I smoke; in doing so, I am consciously deciding to inflict the vast amount of physical damage done by such a habit on my body because — because, well, I like it. I like smoking the way that some people love caffeine, sugar or beer — which, like cigarettes, are psychoactive,  potentially health-damaging drugs. But is it my right to choose to smoke without being ostracized for it? More complicated still, what if it is in fact not a choice, but a now-involuntary compulsion? Famous research has indicated that cigarettes may be harder to quit than heroin; if it is extremely physiologically difficult for me to not smoke, is it nevertheless my responsibility to suffer a certain amount of glaring, yelling and shuffling long distances to secluded areas as retribution for having decided to start smoking in the first place?

The public health movement against tobacco raises a difficult question about civil liberties and when and how we relinquish them. Smokers would and do argue that they are at liberty to indulge a habit they enjoy and should not be forced to endure constant inconvenience, fines or social retribution for it.  Picking one’s poison, after all, should not void the human respect they are owed by people without the same proclivities. Conversely, though, secondhand smoke presents a public health problem that cannot be ignored; nonsmokers insist that they should be free to live without suffering the detriment of another person’s choice — and they’re right. Alas, the debate continues.

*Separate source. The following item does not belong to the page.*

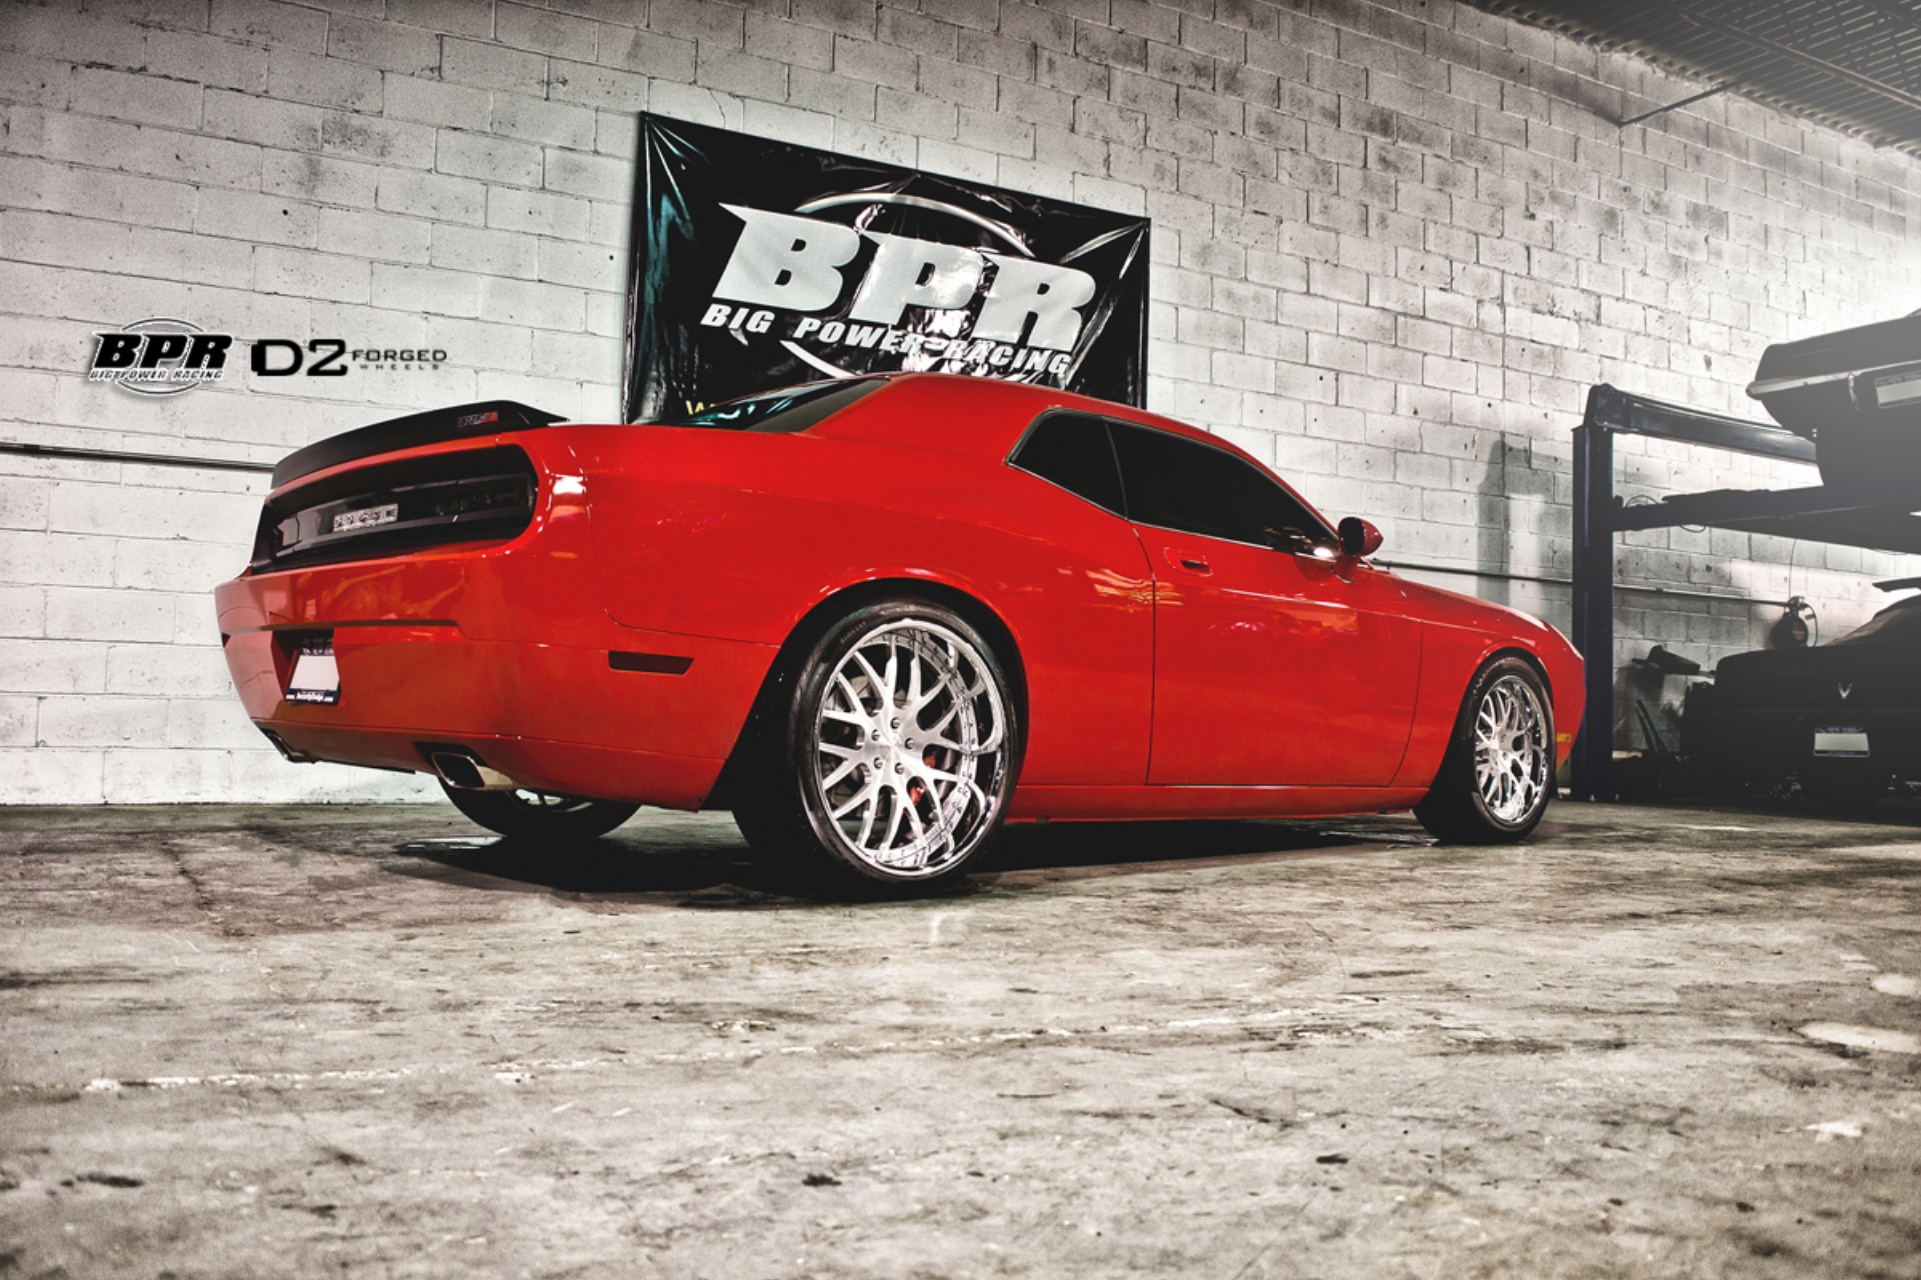 2012, D2forged, Dodge, Challenger, Srt8, Tuning, Muscle, Hot, Rod, Rods Wallpaper

At our campus, at least, smokers seem willing to compromise. “(A smoking section) could be away from buildings and not be disruptive to any classes,” Munz said. “And it could be easily cleaned! Whereas the burden of these butts” — she glances at the innumerable remains of cigarettes littering the ground at the Sproul bus stop — “is getting put on the city.”

Though none are as conspicuous as the little alcove by Sproul Plaza, popular spots such as this one are recognizable all along the fringes of campus property even when no one stands at them. The unfortunate concentration of butts left behind serve as a kind of inadvertent signal to other smokers: “Here is safe territory.” There’s the shady concrete corner opposite the big crosswalk across Hearst Avenue at North Gate, the sunlit safety of a similar nook by Kroeber Fountain, the round stone benches just off campus behind Tolman Hall, and the benches that flank the entrance of the Units on College Avenue — and really any other minimally populated, secluded corner that might afford one a cigarette free of guilt. These corners are little sanctuaries for the student smoker, common areas in which the subcommunity congregates, commiserates and together experiences the physical alienation from the campus that being a smoker necessarily precipitates.

Perhaps that alienation isn’t necessary. The desire for at least one authorized smoking area at some sequestered corner of campus that Munz and Owen expressed was echoed by almost every student smoker I spoke to. Unfortunately, many of my interviewees declined to be quoted, citing fear of a potential employer performing a Google search of their name and discovering them — Heaven forbid! — as a smoker.